Corin Imai, Senior Security Advisor at DomainTools:

“When we consider how disinformation campaigns spread by outside forces attempted to exert influence over the EU referendum campaign, it makes sense that the UK is more fearful of the cyber-threat to elections than other parts of Europe, but this does not mean that those outside of the UK are safe. All Western democracies should be concerned by attempts to use cyberattacks and fake news, which could be used by hostile nation-states for their own gain. While much has been made of how utilities represent critical infrastructure which is vulnerable to cyberattack, the integrity of our electoral process is just as, if not more critical to our way of life, and should also be considered critical.”

Laurie Mercer, Security Engineer at HackerOne:

“Awareness of cyber attacks and breaches has never been greater.

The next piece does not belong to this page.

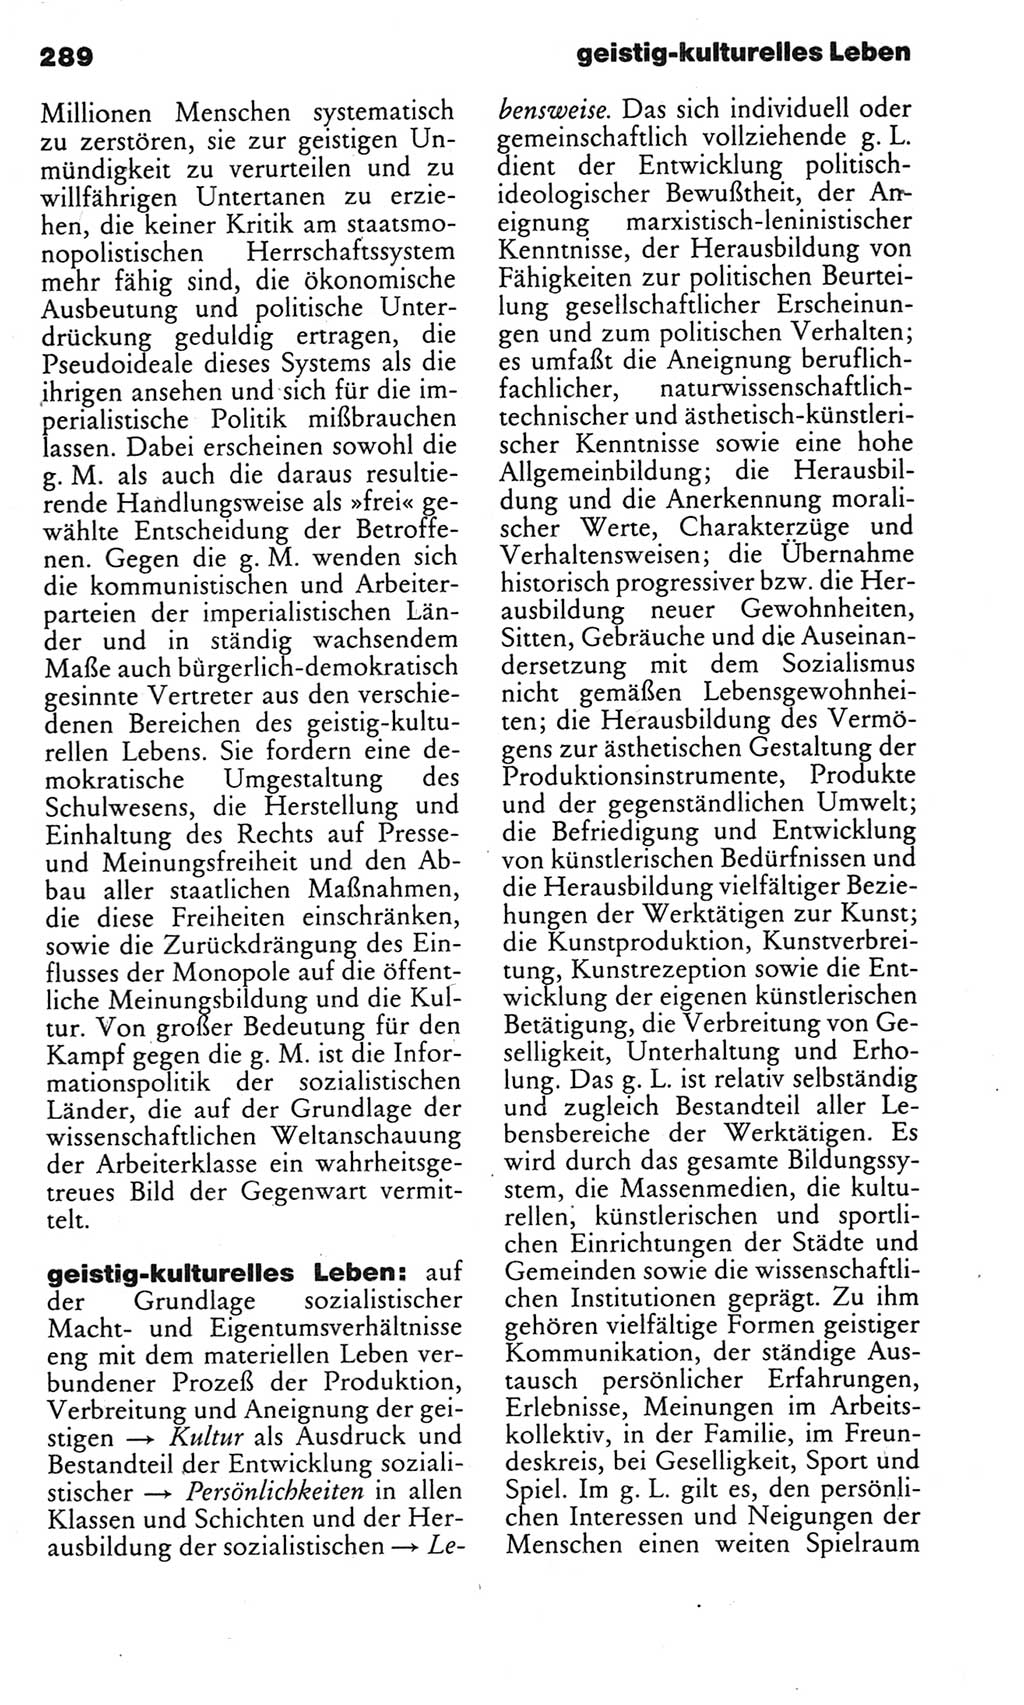 Kleines politisches Wörterbuch [Deutsche Demokratische Republik (DDR)] 1985, Seite 289 (Kl. pol. Wb. DDR 1985, S. 289)

It can seem like the number and skill of cybercriminals is higher than the defenders. Confidence in Government IT systems is low. British citizens are worried that their data will be breached. That said, it is difficult to justify this level of concern when thinking of the paper-based elections that we hold in the UK. During British elections, voters mark ballot papers with a pen in a voting booth in a polling station, which are later counted manually. The process is physical: there is a risk of social engineering, but it is really quite difficult to ‘hack’ a paper-based election to the extent that the result can be affected.

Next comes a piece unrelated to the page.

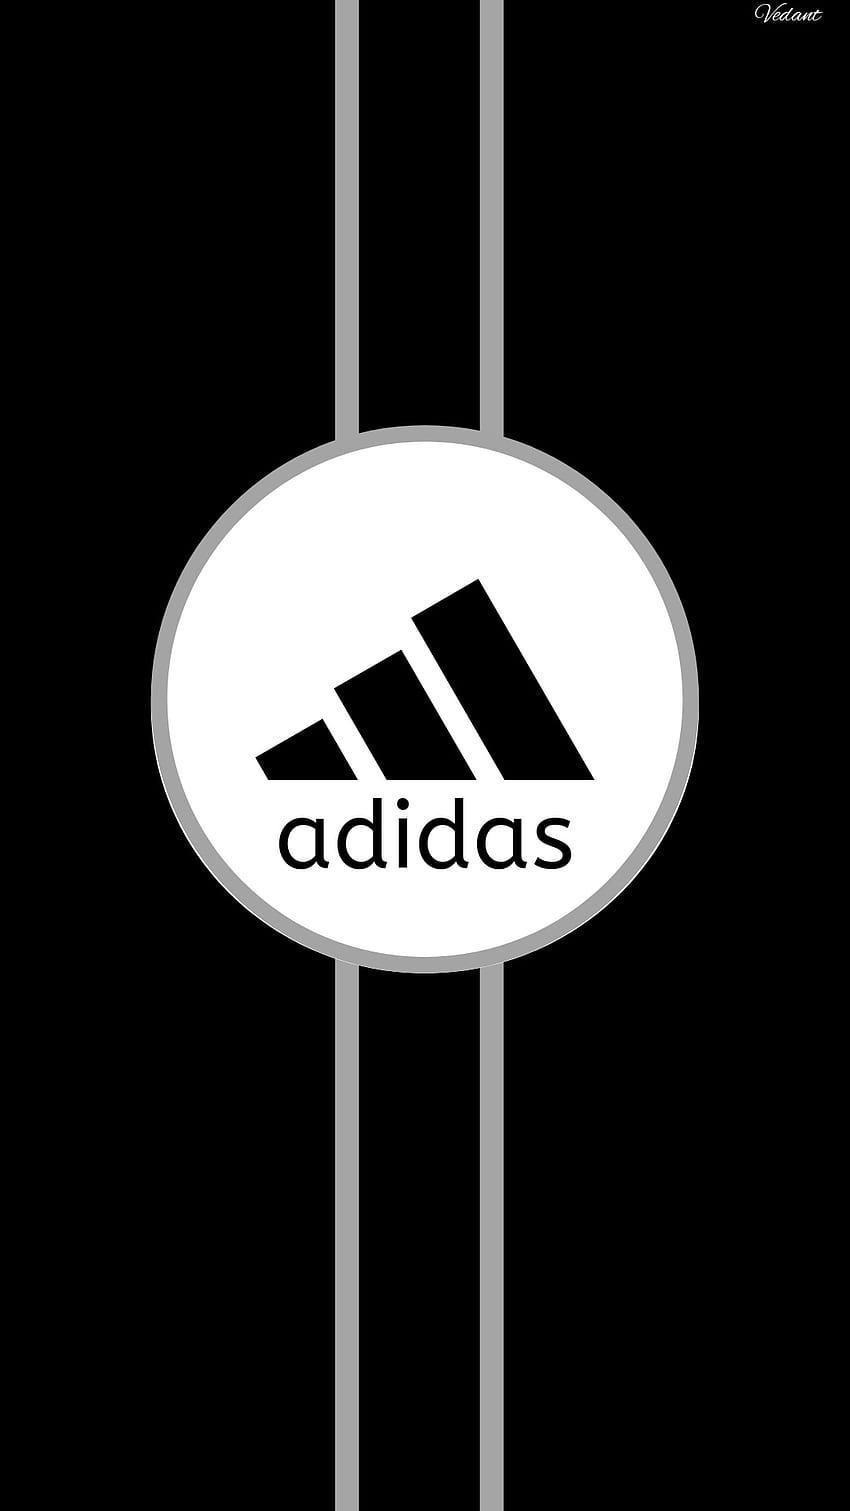 140 Adidas ý tưởng  hình nền iphone hình nền logo branding

It is inevitable that at some point the British election process will digitise. Imagine if you could vote from home. Digital technology including biometrics and digital ledgers hold great promise for improving the process of voting. Digital transformation could reduce the cost of holding elections and referenda to the point where people could be regularly polled for their opinion on the big decisions that affect their daily lives. It is important that as we adopt the technology necessary to hold elections digitally, security takes the prime position. Any digital transformation of British elections needs to ensure that the security of the process increases and does not regress.”

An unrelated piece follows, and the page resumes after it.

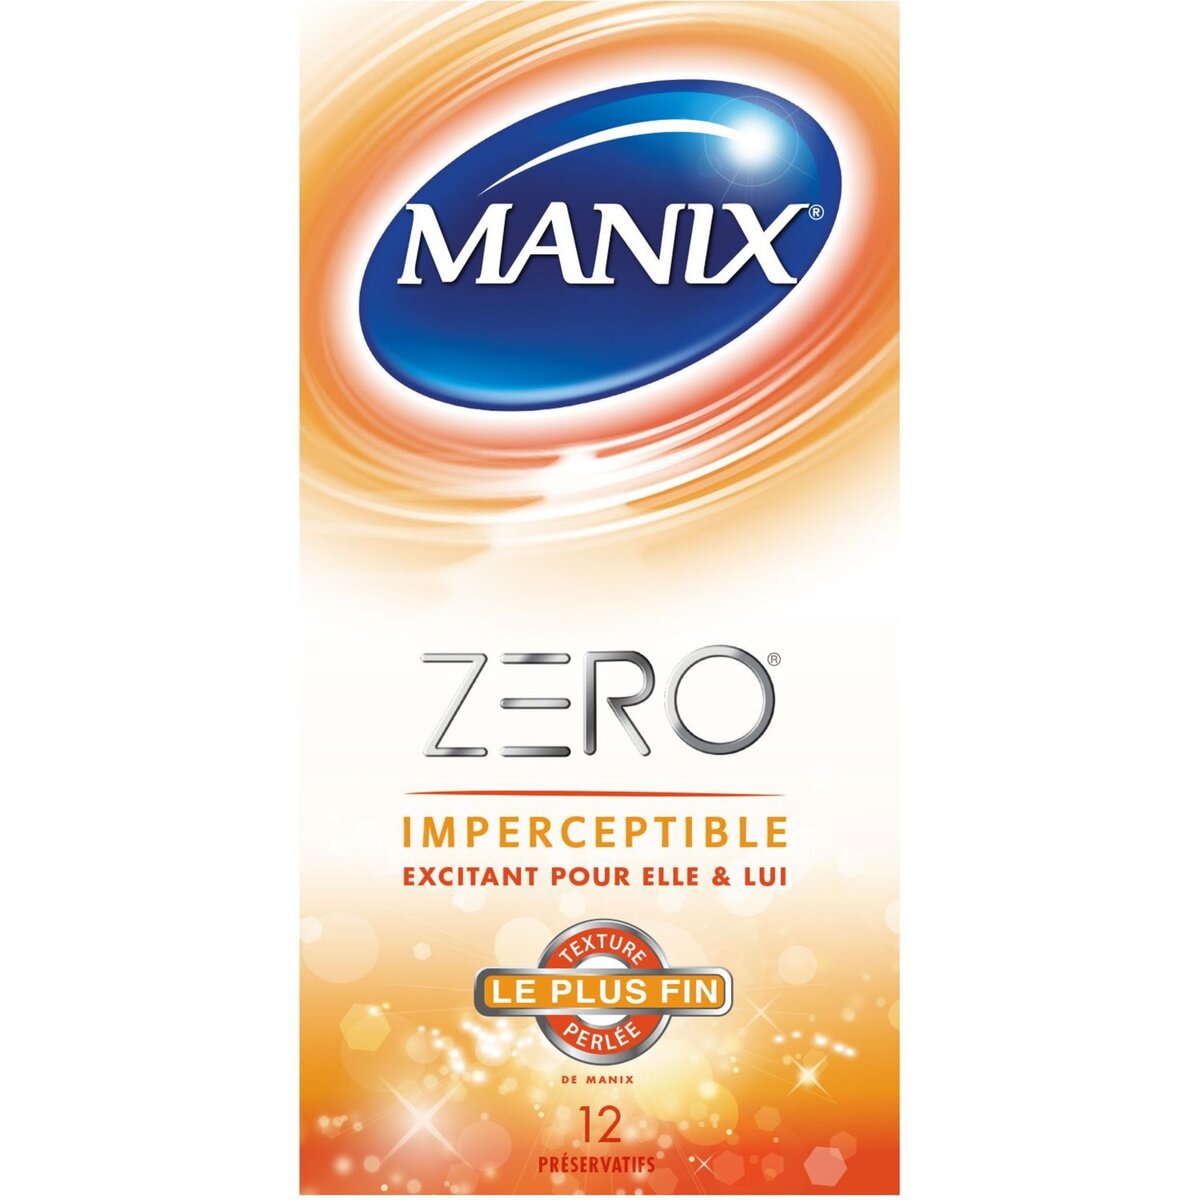 MANIX Zéro préservatifs imperceptibles texture perlée 12 préservatifs

Javvad Malik, Security Advocate at AlienVault:

Javvad Malik“There has been much in the news around hacking and manipulation of elections, so it is not surprising to see a high number of people worried about cyber attacks around election time.

Public perceptions aside, it is a reminder of how embedded and reliant on digital systems the world has become – and as a result, any intentional or accidental misconfigurations or errors can have huge impact. Therefore, it is essential for all providers to invest in security to ensure that systems operate as required.”